ПАПАПА (Современная китайская проза) — страница 54 из 69

— Заткнись, уже вода пролилась мимо!

— Я ещё не договорил!

— Ты можешь поменьше болтать?

— Не могу, если не наговорюсь вдоволь, то аппетита не будет.

— Тогда поголодай!

Ли Юньфан ушла, смеясь и покачивая тонкой талией. Его губы пересохли, он прекрасно отдавал себе отчёт в том, что из всей этой болтовни она ни слова не услышала. Из-за упрёков самому себе он не мог заснуть, ощупывая свои короткие ноги, он думал о двух других длинных ногах. Он обнаружил, что ему нечего ей сказать.

Все мерзавцы мира одинаковы. Умный техник уехал в Америку. Перед отъездом он говорил, что они не расстаются, а потом прислал письмо со словами — всё-таки расстанемся! У Ли Юньфан началась депрессия. За первые несколько дней она не произнесла ни слова, а потом перестала есть. Накинув на себя розовое атласное покрывало, она просидела на кровати три дня, не поддаваясь ни на чьи уговоры. Плач её матери долго разносился по двору. Чжан Даминь был счастлив, повторяя про себя: так и надо, так и надо! Даже ночью, открыв глаза, продолжал говорить: поделом, поделом! В носу внезапно засвербело, глаза увлажнились.

Старшая сестра Ли Юньфан пришла к Чжан Даминю и со слезами на глазах пробормотала: мы уже всё перепробовали, попытка не пытка, может, и ты попробуешь сказать ей пару слов? Чжан Даминь помолчал, старшая сестра Юньфан поспешила сказать: мы ничего такого не имеем в виду, никому такая непутёвая не нужна.

Чжан Даминь опять помолчал немного, расчесался, прополоскал рот, переоделся в ботинки на толстой подошве и пошёл.

Он перепугался: лицо Ли Юньфан побледнело, щёки ввалились, опухшие глаза были похожи на два подгнивших персика, она смотрела в какую-то точку под столом. Он сел напротив, какое-то время не знал, что сказать. Её маленькие клычки, раньше выглядевшие особенно привлекательно, теперь злобно торчали, как у вепря.

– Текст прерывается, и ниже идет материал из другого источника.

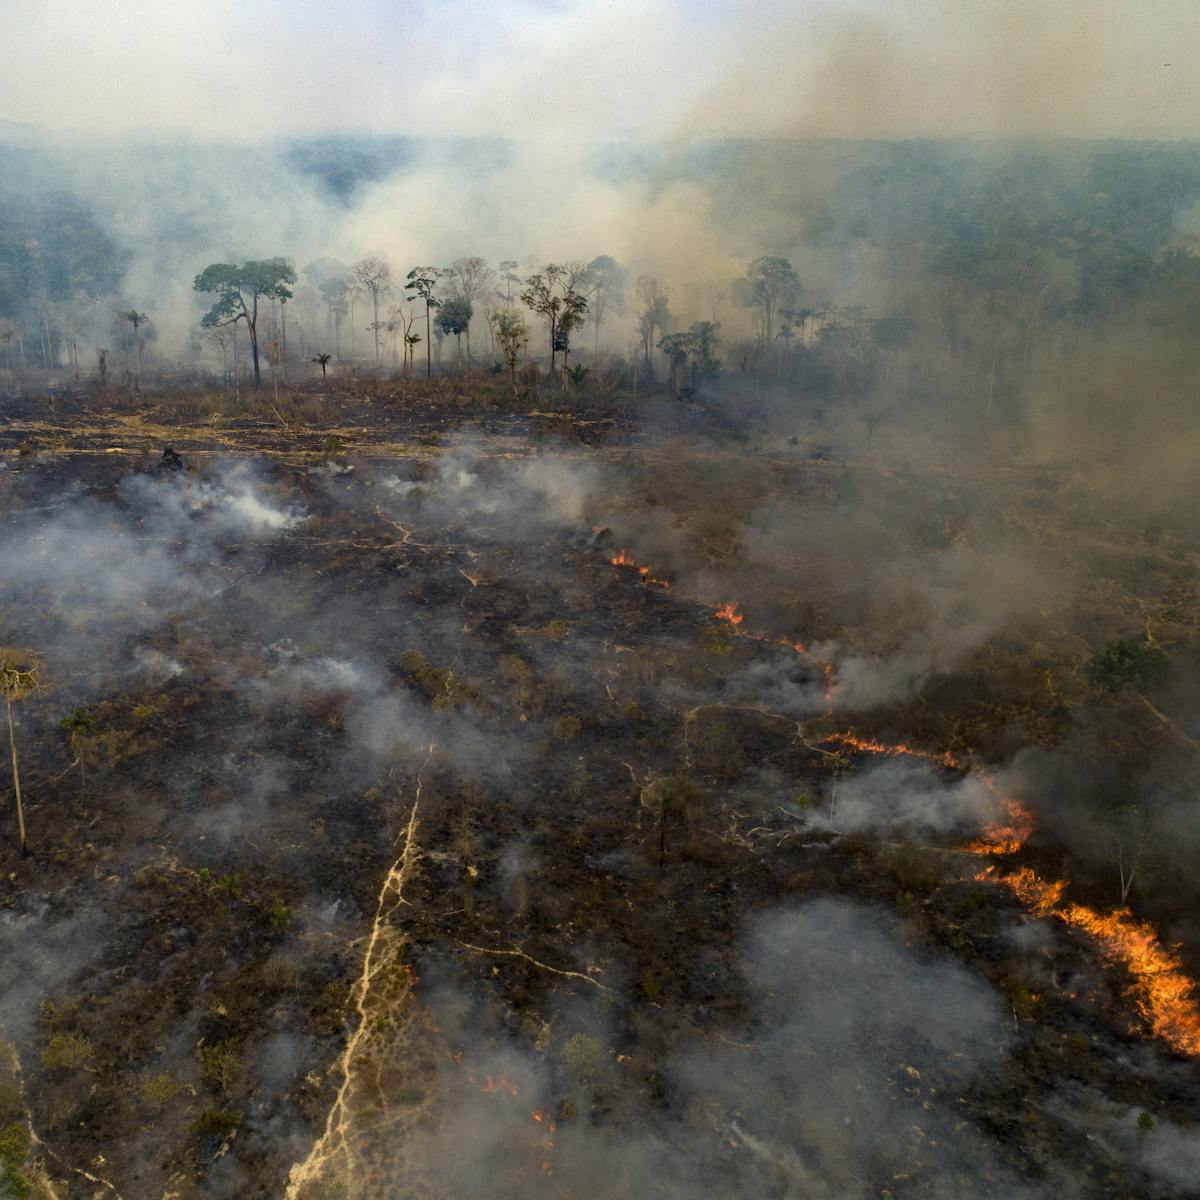 Historic Amazon Rainforest Fires Threaten Climate And Raise Risk Of New Diseases

— Юньфан, ты знаешь, что на тебе?

Никакой реакции.

— На тебе атласное покрывало из Ханчжоу, ясно? Это свадебное покрывало, которое твоя мать для тебя сшила, а ты его на спину накинула, да ещё и шиворот-навыворот. Ты сейчас похожа на фокусника, но не того, что на сцене, а на того, что даёт представление на улице. Ты сама себя считаешь высшим сортом, так?

Опять никакой реакции.

— Почему ты ничего не говоришь? Когда Цзян Сюэцинь не говорила, так у неё на то были причины, а ты какой революционный секрет скрываешь? Если не будешь есть, если будешь продолжать в том же духе, тогда ты — контрреволюционерка! У Дун Цуньжуя и Хуан Цзигуана не было выхода, они действовали под давлением обстоятельств, если бы не умерли, то это уж ни в какие ворота. А ты? Завернувшись в покрывало, сделаешь последний вздох, ты думаешь, потом тебя назовут героиней? Никогда. Самое большее — из Америки придёт телеграмма с выражением соболезнования, и всё. Да как ты не понимаешь!

Ли Юньфан повернула к нему лицо. Чжан Даминь вытер капельки пота со лба, обернувшись, спросил: есть сигареты? Младший брат Ли Юньфан вприпрыжку подбежал, зажёг сигарету и тихонько сказал: ты продолжай говорить, отец говорит, чтоб ты продолжал. И снова выбежал из комнаты. Чжан Даминь про себя выругался: что говорить-то? Разве это та самая красивая, бойкая пацанка Ли Юньфан? Его сердце было разбито.

— Юньфан, давай я за тебя посчитаю. Если ты не будешь есть, то каждый день сможешь экономить по три юаня, сейчас ты уже сэкономила девять юаней. Если ещё сэкономишь девять юаней, то можно будет отправляться в крематорий, понимаешь? Это никому не принесёт выгоды. Если ты доголодаешься до того, что отправишься к праотцам, то сэкономишь всего лишь восемнадцать юаней. Знаешь, сколько стоит урна с прахом? Простой глиняный горшок с прахом моего отца стоит целых тридцать юаней! Ты такая красивая, как тебя положишь в урну дешевле восьмидесяти юаней? То есть надо почти месяц не есть. Ты месяц не протянешь, вот такие расчёты, ты ещё не заработала даже на урну с прахом! Юньфан, бабушке Сяо Шаня из Западного флигеля уже девяносто восемь, а тебе только двадцать три, девяносто восемь будет только через семьдесят пять лет. Тебе ещё семьдесят пять лет есть рис, тебе не стыдно сейчас голодать? Мне самому за тебя стыдно! Если бы я мог есть за тебя, я бы ел, да только какая в этом польза? Надевай туфли, спускайся, Юньфан, пойдём есть. Самое лучшее на свете — это еда. Поешь!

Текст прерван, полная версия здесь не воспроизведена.